Ramos Gin Fizz by Getty Images

The Hotel Monteleone can claim creation of a classic New Orleans cocktail, the Vieux Carre. It was first introduced at the hotel’s famous Carousel Bar by head bartender Walter Bergeron in the 1930s. “He originated it, he says, to do honor to the famed Vieux Carre, that part of New Orleans where the antique shops and the iron lace balconies give sightseers a glimpse into the romance of another day,” Stanley Clisby Arthur wrote in his 1937 book “Famous New Orleans Drinks and How to Mix ’Em.”

The drink is made with rye whiskey, cognac, Italian vermouth, Peychaud’s bitters, Angostura bitters and Benedictine liqueur. It remains the bar’s signature cocktail.

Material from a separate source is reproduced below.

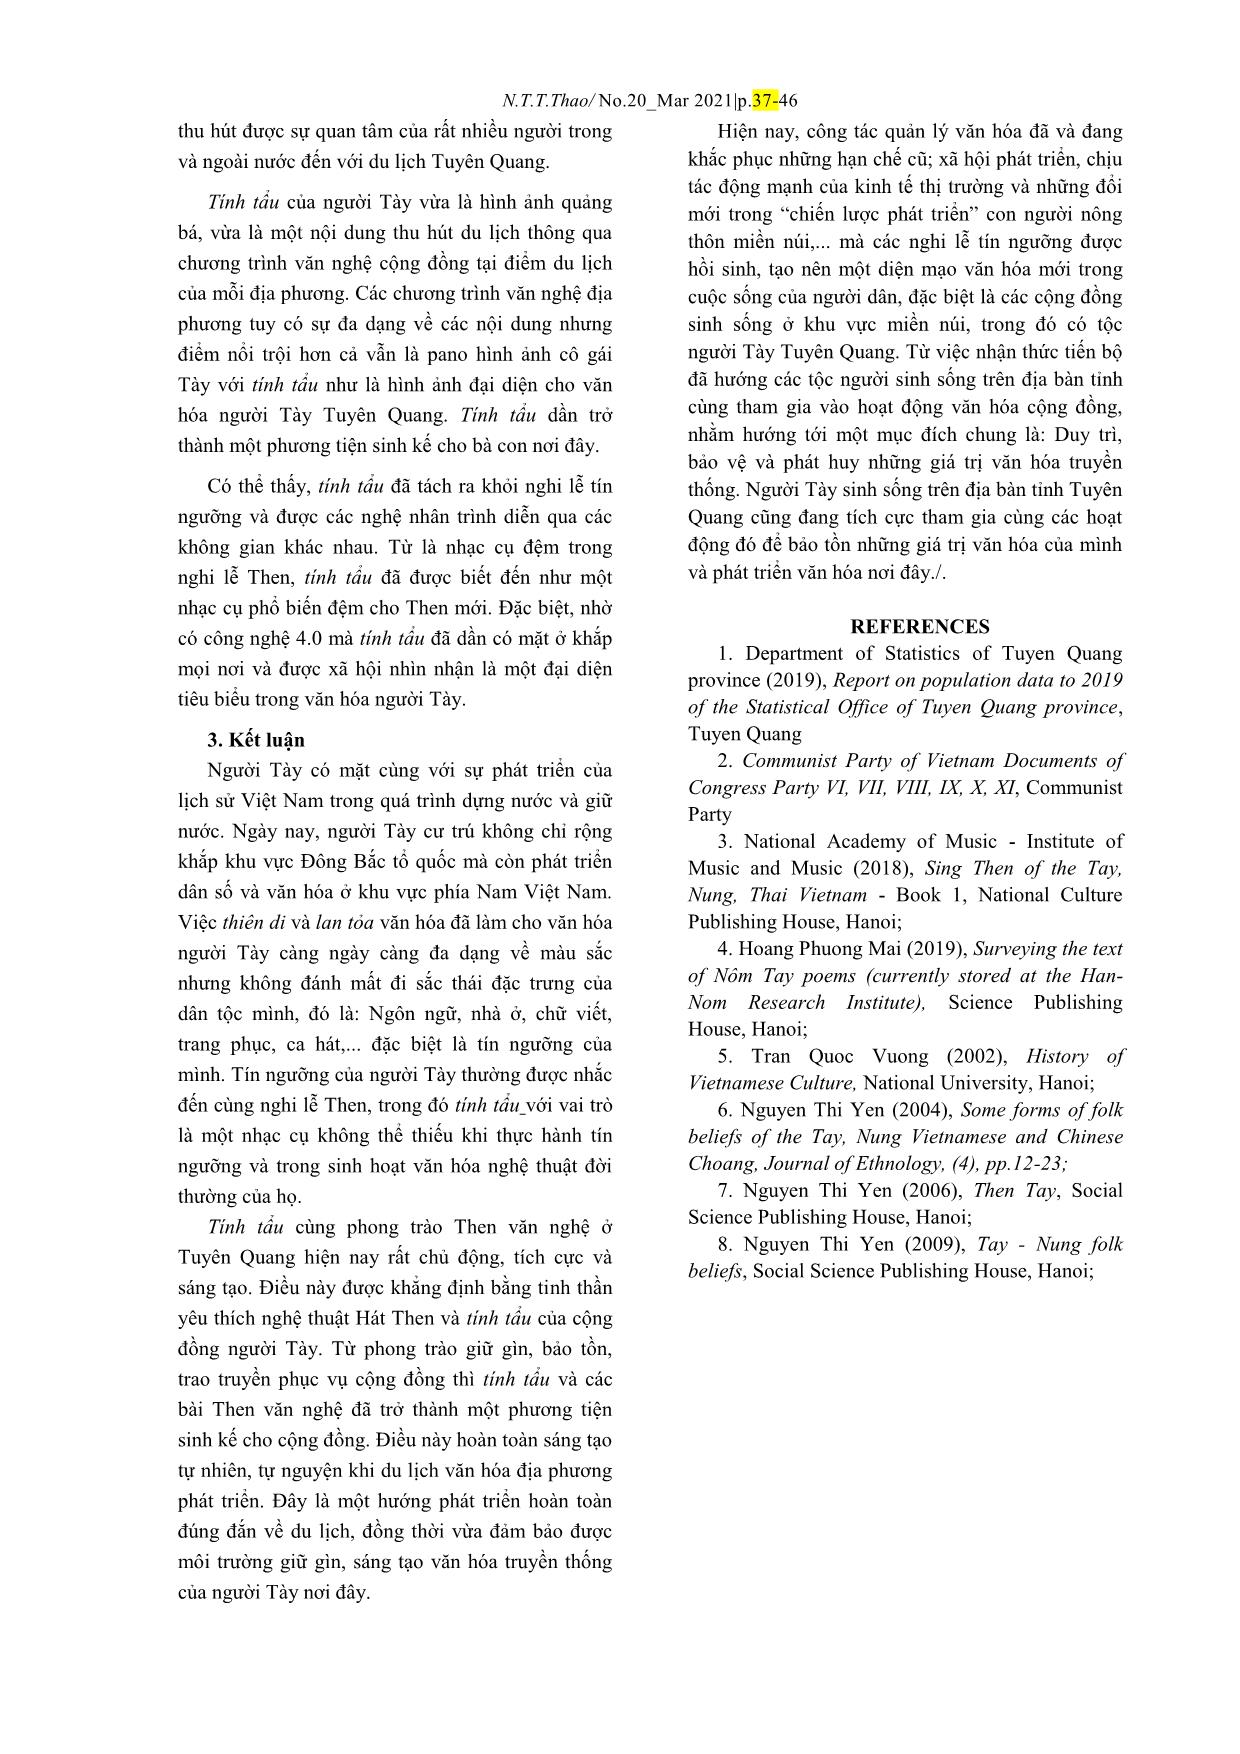 Đôi nét về tính tẩu của người Tày Tuyên Quang trang 10
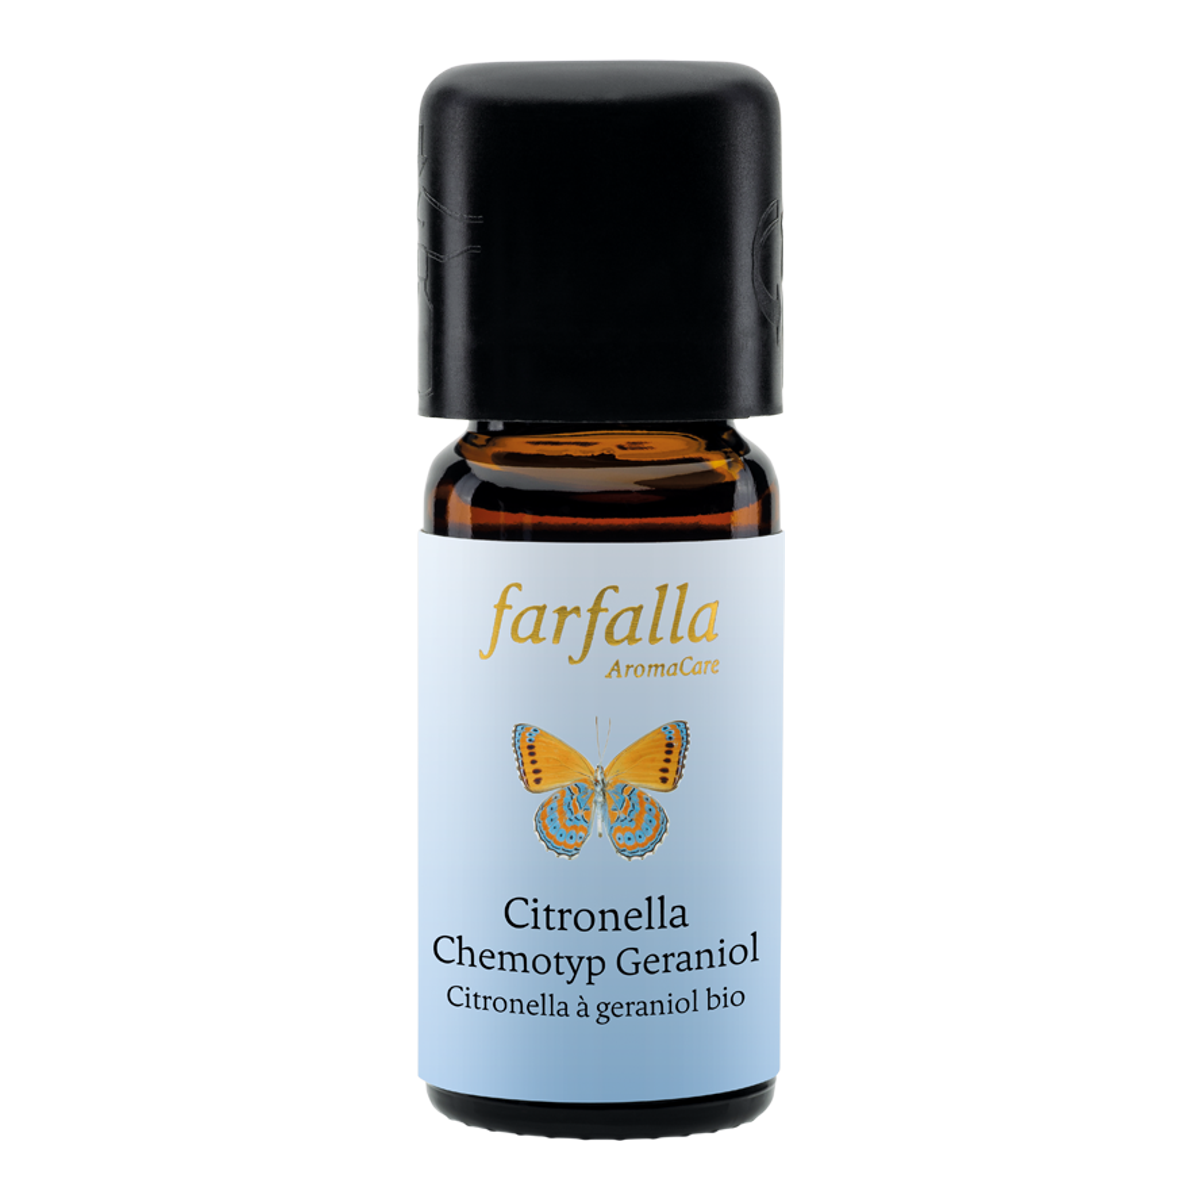 Farfalla Citronella Chemotyp Geraniol bio Grand Cru, ätherisches Öl

An even older New Orleans drink is the Ramos gin fizz, created by Henry C. Ramos in 1888. Ramos, whose 1928 obituary referred to him as “Carl,” popularized the drink at his Imperial Cabinet saloon at Gravier and Carondelet streets. “Here it was that Henry Ramos served the gin fizz that departed so radically from the other frothy gin mixtures served in New Orleans saloons,” Arthur wrote.

His recipe explains that the drink is made by vigorously shaking dry gin, orange flower water, lime and lemon juice, an egg white, milk or cream, seltzer water, powdered sugar and vanilla extract. After Prohibition ended, the Roosevelt Hotel bought the rights to the Ramos recipe and it became a signature cocktail at the hotel, where it was Gov. Huey P. Long’s favorite drink.